Child marriage ban bill defeated in West Virginia House

The Republican-dominated Senate Judiciary Committee rejected the bill on a 9-8 vote, a week after it passed the House of Delegates.

The vote came shortly after the bill's main sponsor, Democratic Del. Kayla Young of Kanawha County, testified briefly before the committee. She said that since 2000 there have been more than 3,600 marriages in the state involving one or more children.

Currently, children can marry as young as 16 in West Virginia with parental consent. Anyone younger than that also must get a judge’s waiver.

“For now, there will be no floor for the age of marriage in WV, endangering our kids,” Young wrote on Twitter after the vote.

In a rebuke, Cabell County Democratic Sen. Mike Woelfel reminded the committee after the vote that Wednesday was International Women’s Day.

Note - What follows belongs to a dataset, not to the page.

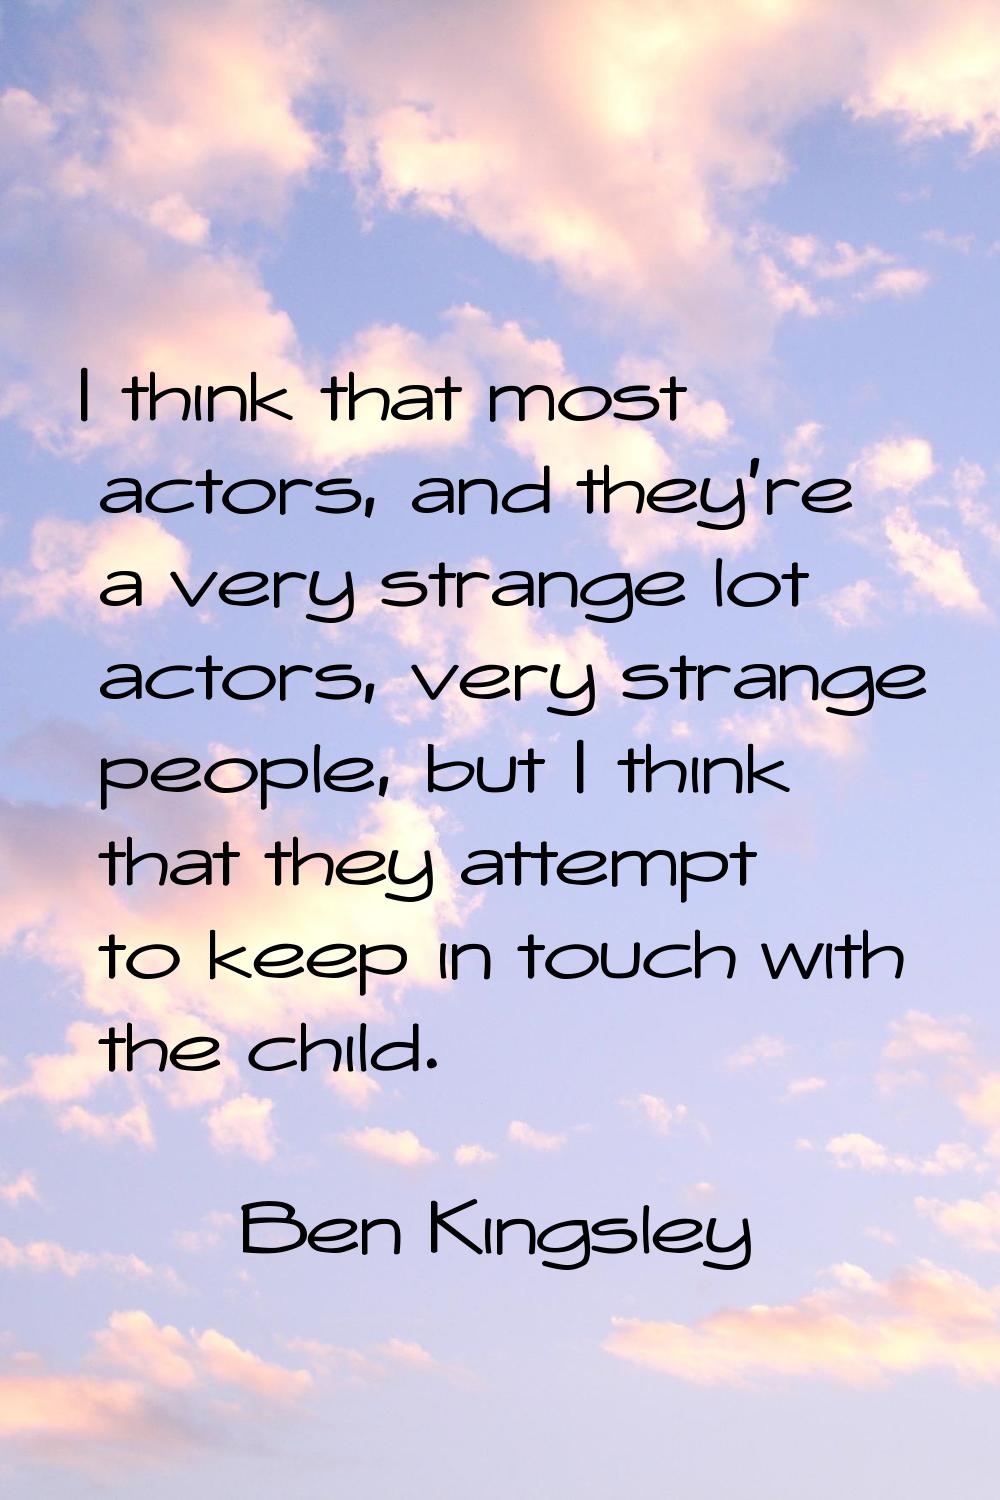 I think that most actors, and they're a very strange lot actors, very strange people, but I think t
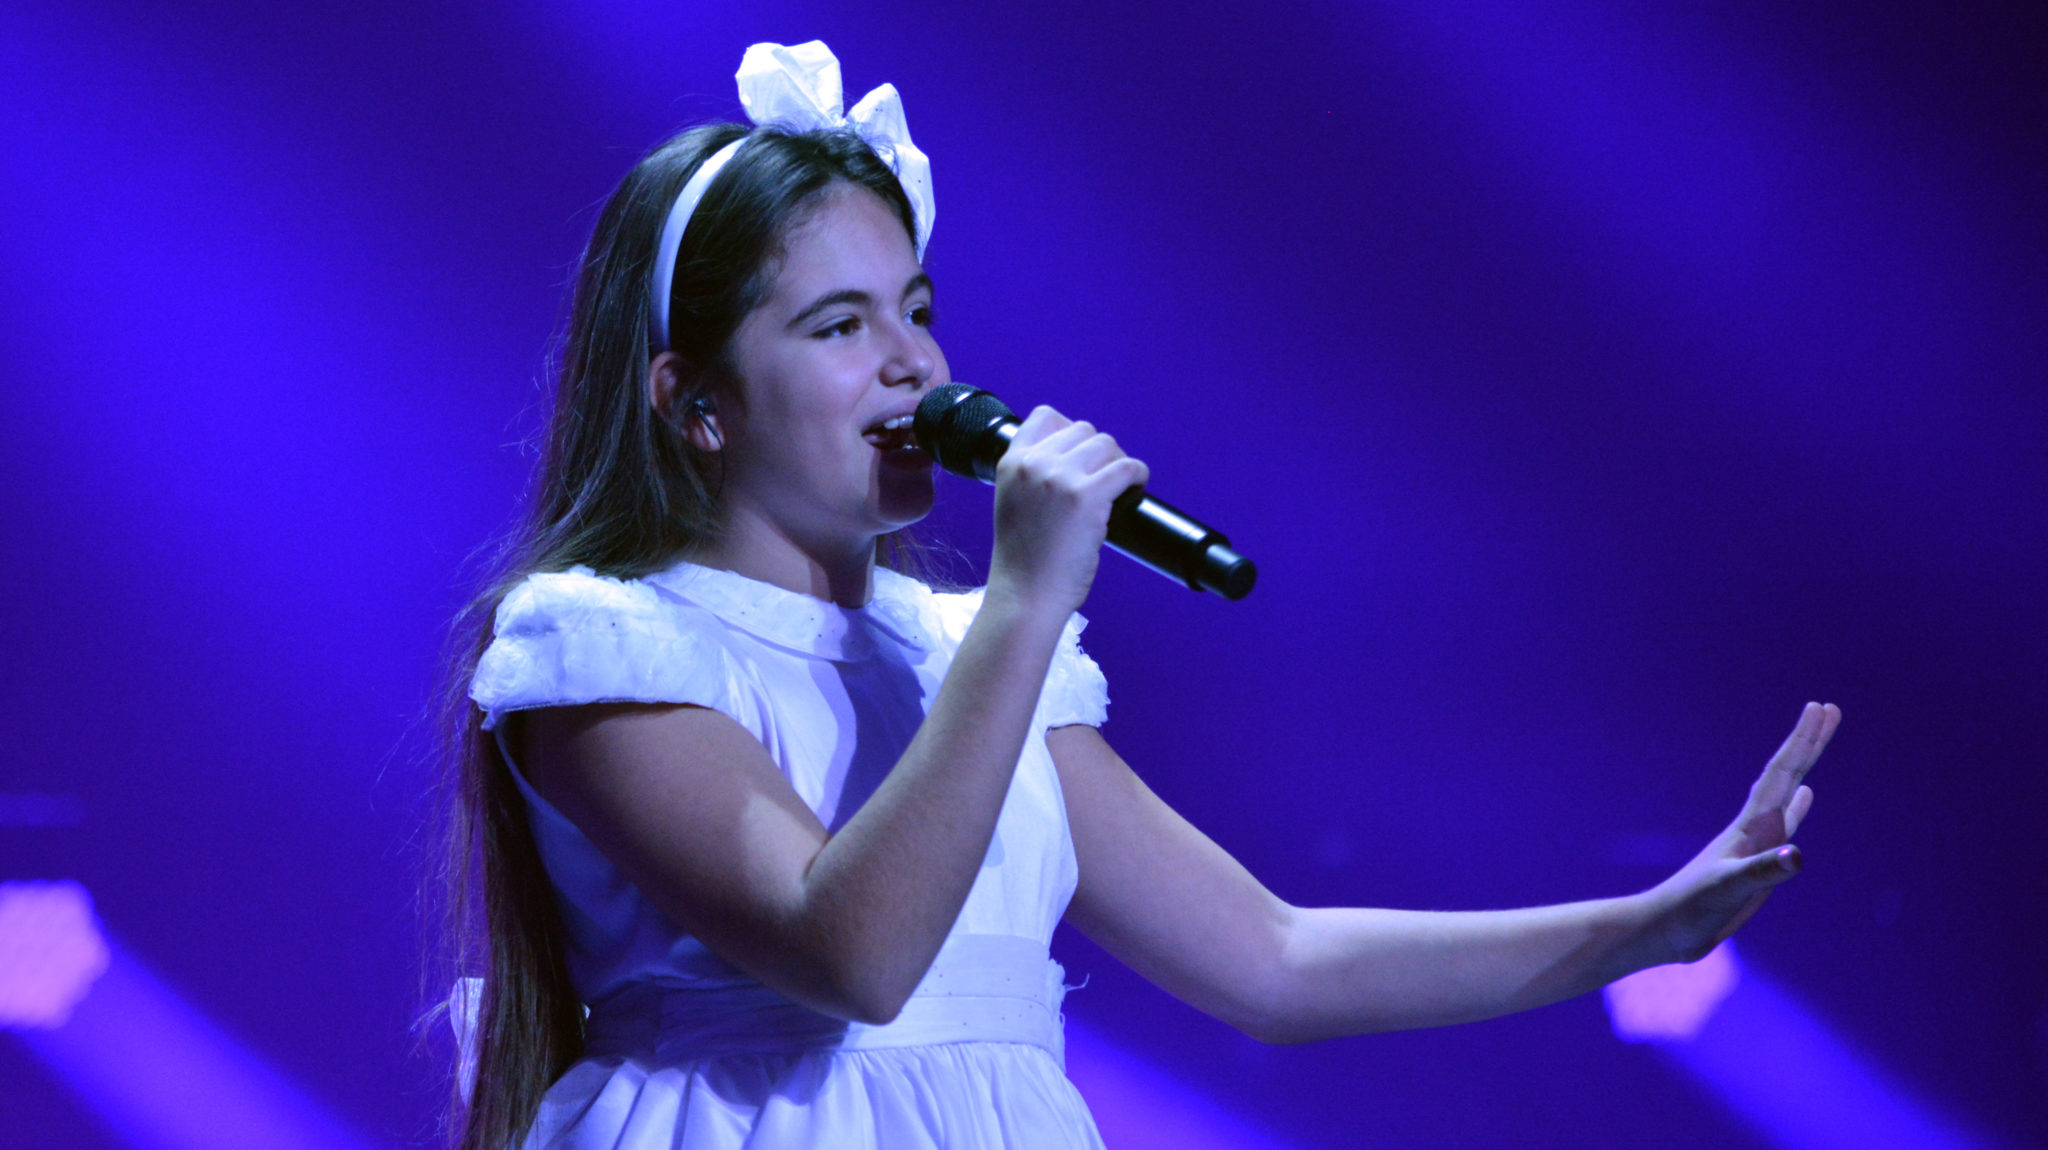 Junior Eurovision: Gaia Cauchi releases new song “Floating on Air”!

Some of the bill's opponents have argued that teenage marriages are a part of life in West Virginia.

Kanawha County Republican Sen. Mike Stuart, a former federal prosecutor who sided with the majority, said his vote “wasn’t a vote against women.” He said his mother was married when she was 16, and “six months later, I came along. I’m the luckiest guy in the world.”

The bill would have established that 18 is the age of consent and removed the ability of a minor to obtain consent through their parents, legal guardians, or by court petition. Existing legal marriages, including those done in other states, would have been unaffected.

According to the nonprofit group Unchained At Last, which seeks to end forced and child marriage, seven states have set the minimum age for marriage at 18, all since 2018. Supporters of such legislation say it reduces domestic violence, unwanted pregnancies and improves the lives of teens.

Although recent figures are unavailable, according to the Pew Research Center, West Virginia had the highest rate of child marriages among the states in 2014, when the state's five-year average was 7.1 marriages for every 1,000 children ages 15 to 17.